======== Given information

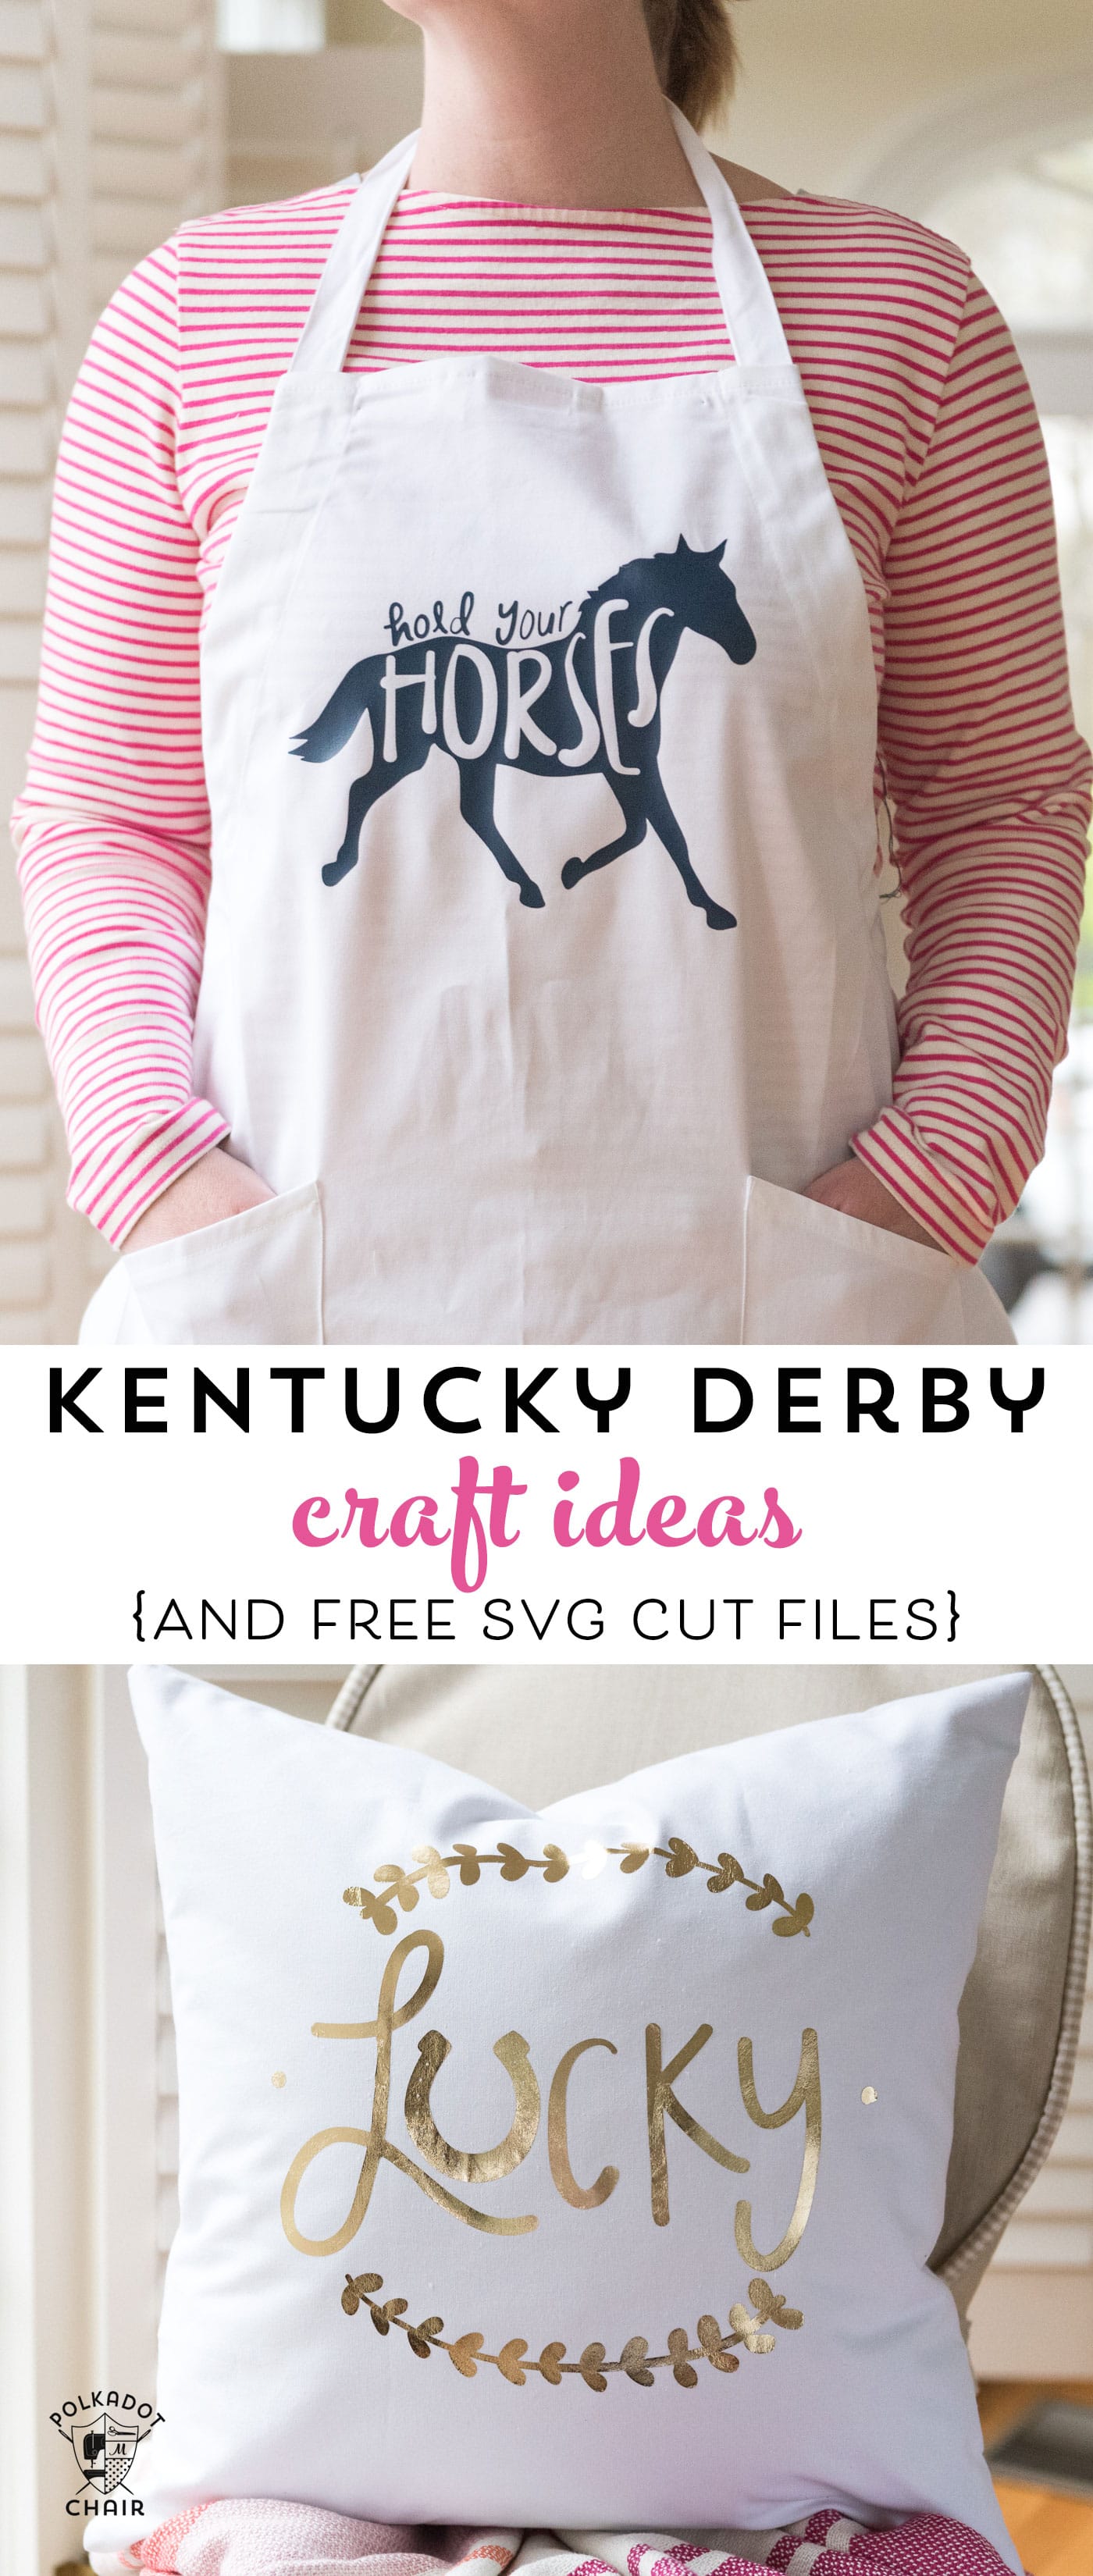 Download Kentucky Derby Craft Ideas and SVG Files - The Polka Dot Chair
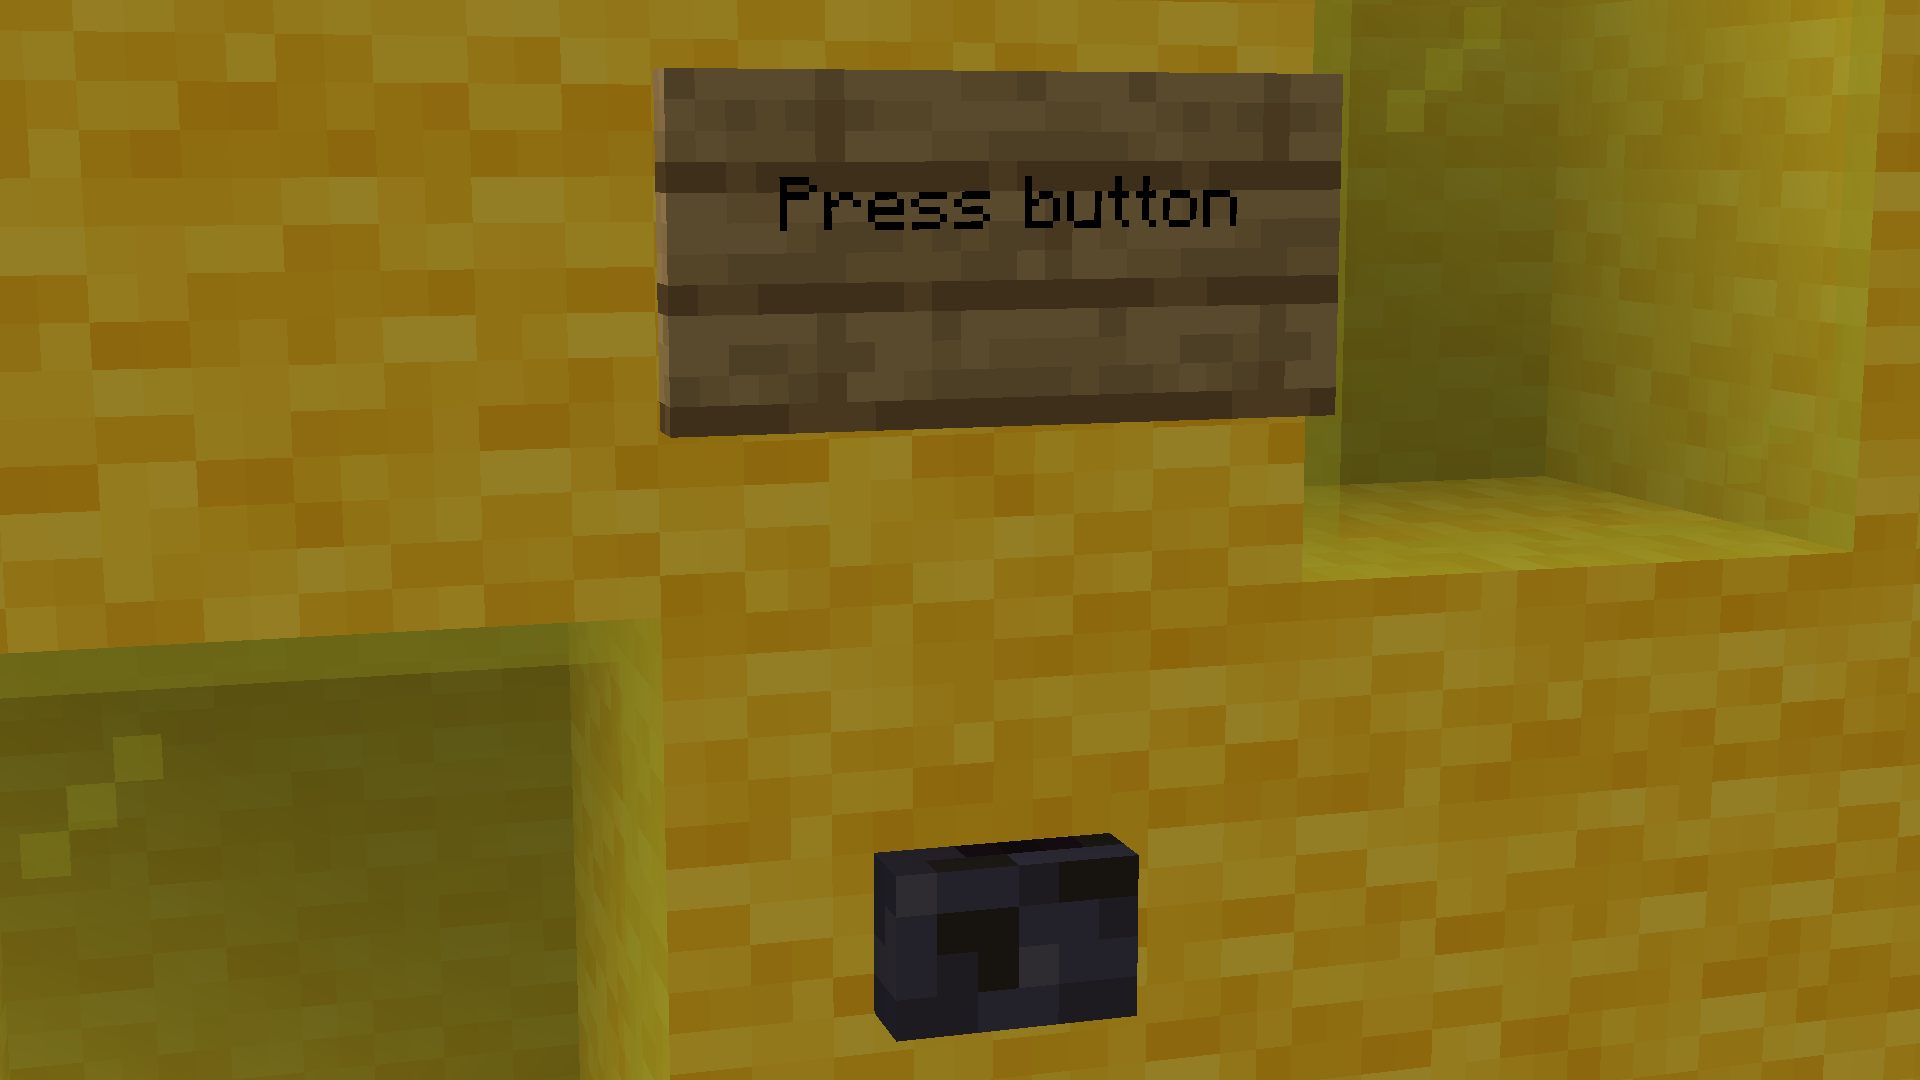 Press that button to win
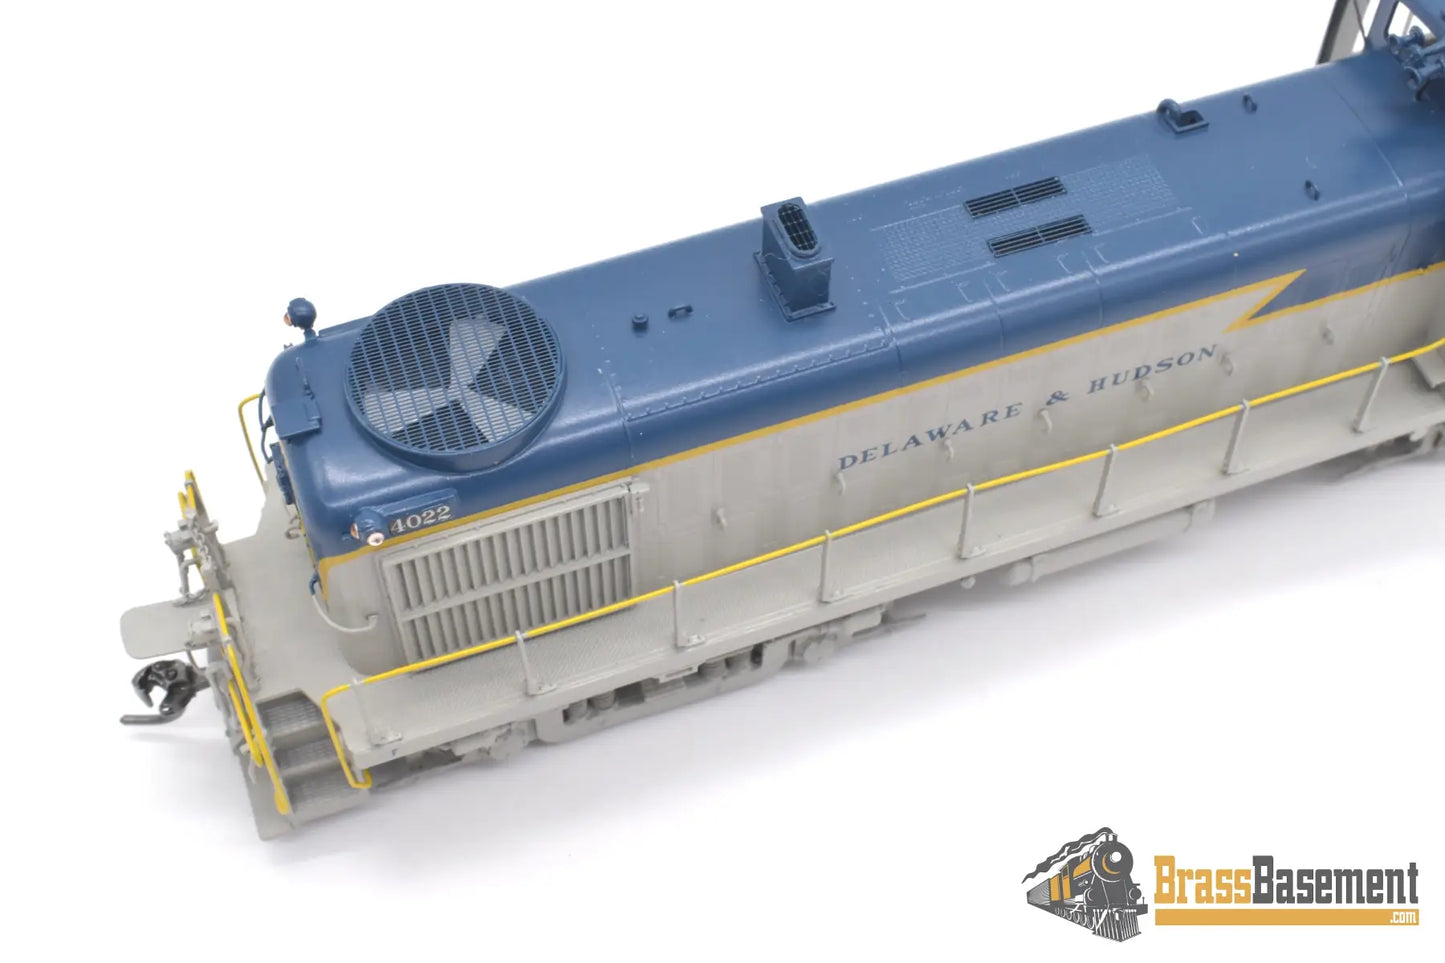 Ho Brass - Dp - 9323.1 Division Point Delaware & Hudson Rs - 2 #4022 Factory Paint Diesel
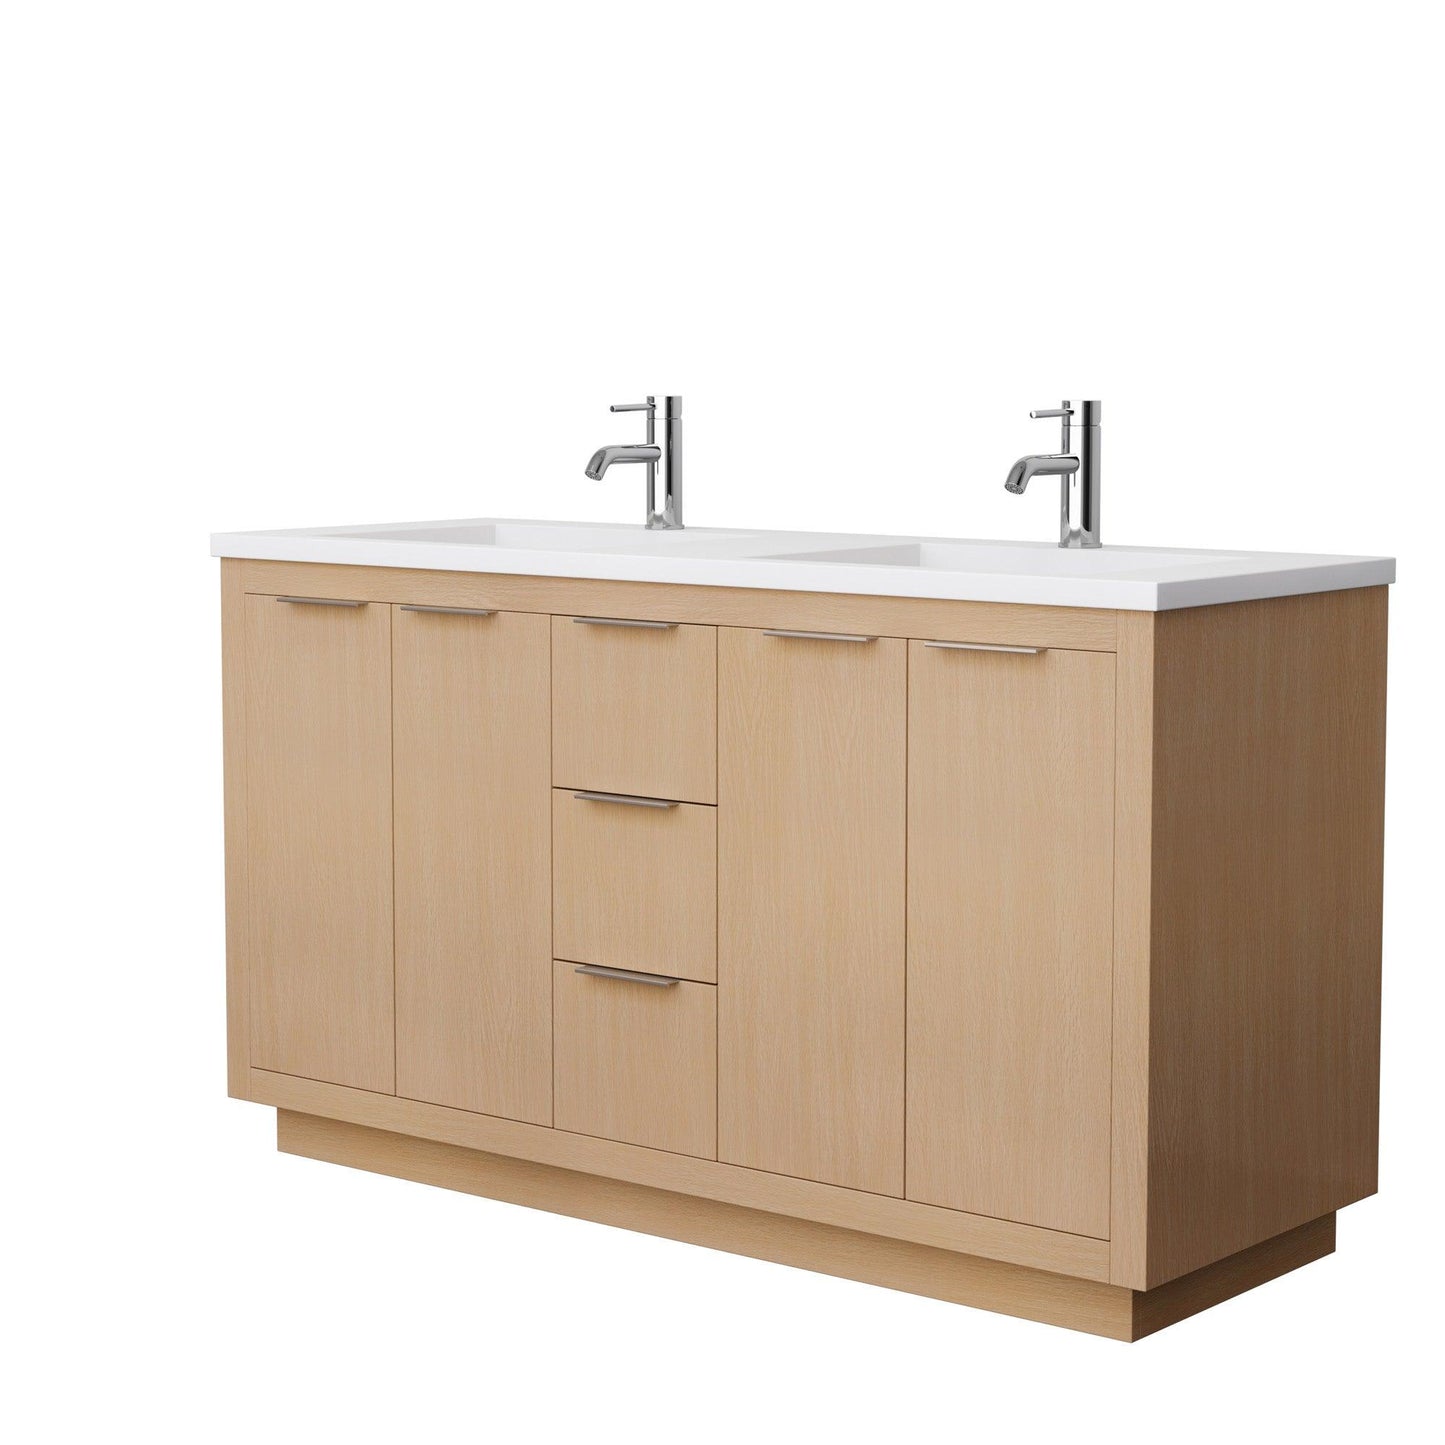 Wyndham Collection Maroni Inch Double Bathroom Vanity in Light Straw, 1.25 Inch Thick Matte White Solid Surface Countertop, Integrated Sinks - Sea & Stone Bath

================

What to produce
Start to finish, write out the data above exactly, omitting all pictures.

Reply
 Download Kentucky Derby Craft Ideas and SVG Files - The Polka Dot Chair
 Press that button to win
 Ho Brass - Dp - 9323.1 Division Point Delaware & Hudson Rs - 2 #4022 Factory Paint Diesel
 Wyndham Collection Maroni Inch Double Bathroom Vanity in Light Straw, 1.25 Inch Thick Matte White Solid Surface Countertop, Integrated Sinks - Sea & Stone Bath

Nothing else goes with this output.